Read on to know about some relatively lesser known tax saving options beyond Section 80C that you can use to reduce your income tax payout.  

What are the Tax Saving Options Other than 80C?

Opting instruments in addition to the common Section 80C investment options give you the opportunity to boost your tax savings significantly. However, do keep in mind that opting for additional investments does mean that your disposable income might decrease a bit in the short-term. But in the long term, you may be able to reap significant benefits that can help you secure your financial future.   

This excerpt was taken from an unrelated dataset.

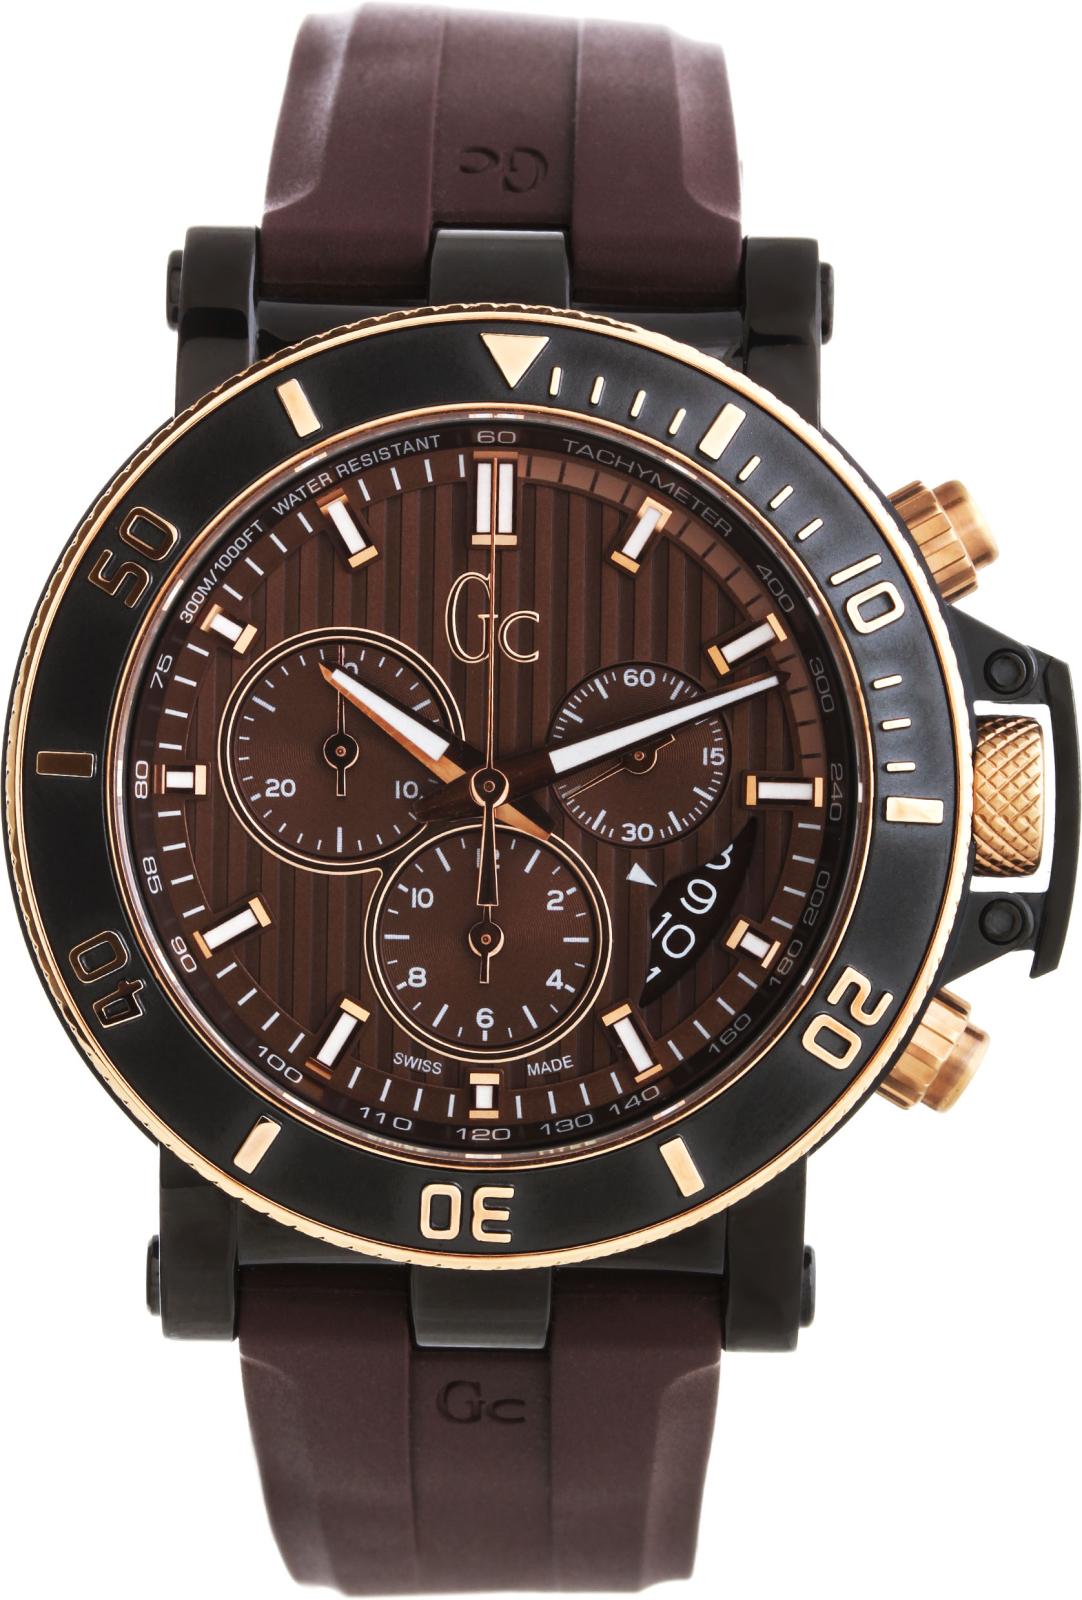 Часы швейцарские мужские gc

Here is a short list of tax-saving options beyond Section 80C that you can consider to decrease your tax liability for the financial year: 

Applicable Section

Income Tax Deduction for AY (2021-22)

Exemption Limit Limit for AY (2021-22)

Section 80CCD(1B)

Atal Pension Yojana and National Pension Scheme Tier 1 Account Contribution

Up to Rs. 50,000 annually

Section 80CCD(2)

National Pension Scheme Contribution by Employer

Amount contributed( max. 14% of basic salary + dearness allowance)

Section 80D

Medical Insurance Premium and Medical Expenditure

Up to Rs. 1 lakh annually for senior citizen self + parent

Section 80E

Interest paid on Educational Loan

100% of interest paid up to 8 year from date of loan sanction

Section 24

Interest paid on Home Loan

At actuals (max. limit of Rs. 2 lakh annually)

Section 80EE

Interest paid on Home Loan by first time buyer purchasing affordable housing

Up to Rs. 50,000 annually in addition to Section 24 limit

How To Avail Tax Saving Options other than 80C

In order to avail the tax benefits of the various sections other than Section 80C mentioned above, you would need to make certain investments or expenses. The details of such tax saving investments and expenses that you need to make are as follows:

In order to avail the tax benefits of the various sections other than Section 80C mentioned above, you would need to make certain investments or expenses. The details of such tax saving investments and expenses that you need to make are as follows:

  • NPS Tier 1 Account Investments

If you are looking to avail the tax benefits of Section 80CCD (1B), you can invest up to Rs. 50,000 annually in Tier 1 account of the NPS. This benefit is in addition to the tax benefits of NPS under section 80C. Also, under this section, you can use NPS for the limit of Rs. 1.5 lakhs. This mix of opportunities will help you avail a total tax deduction benefit of up to Rs. 2 lakh annually.

  • Corporate NPS Account

If your employer offers you the opportunity to avail a Corporate NPS account, you can look forward to availing additional tax benefits u/s 80CCD (2) of the Income Tax Act. This tax benefit is in lieu of the employer contribution to your Corporate NPS account with a maximum limit of up to 10% of your basic salary plus DA annually and up to 14% for Government Employee subscribing to Government NPS account. This contribution provides tax benefits in addition to the total Rs. 2 lakh NPS tax benefit u/s 80CCD (1) and 80CCD (1B) mentioned above.  

  • Purchase Health Insurance Premium for Section 80D Benefits

Getting insurance for your health can save you a significant amount in future medical expenses. In addition, health insurance premiums offer tax deduction benefits under Section 80D. This 80D benefit can also be availed in the case of mediclaim policies and critical illness riders of health policies.

However, the limitation for claiming tax deductions under section 80D depends on the age of individuals covered under the health insurance plan. Below are details of the 80D deductions that can be availed:

Covered Individual(s)

Maximum 80D Deduction Allowed

Self (Less than 60 years) + spouse + up to 2 dependent children

Rs. 25,000

Self (60 years and older) + spouse + up to 2 dependent children

Rs. 50,000

Self (Less than 60 years) + spouse + up to 2 dependent children + dependent parents/in-laws (less than 60 years)

Rs. 50,000

Self (Less than 60 years) + spouse + up to 2 dependent children + dependent parents/in-laws (60 years and older)

Rs. 75,000

Self (60 years and older) + spouse + up to 2 dependent children + dependent parents/in-laws (60 years and older)

Rs. 1 lakh

The above limit also includes Rs. 5,000 tax deduction u/s 80D allowed for expenses for preventative diagnostic tests.  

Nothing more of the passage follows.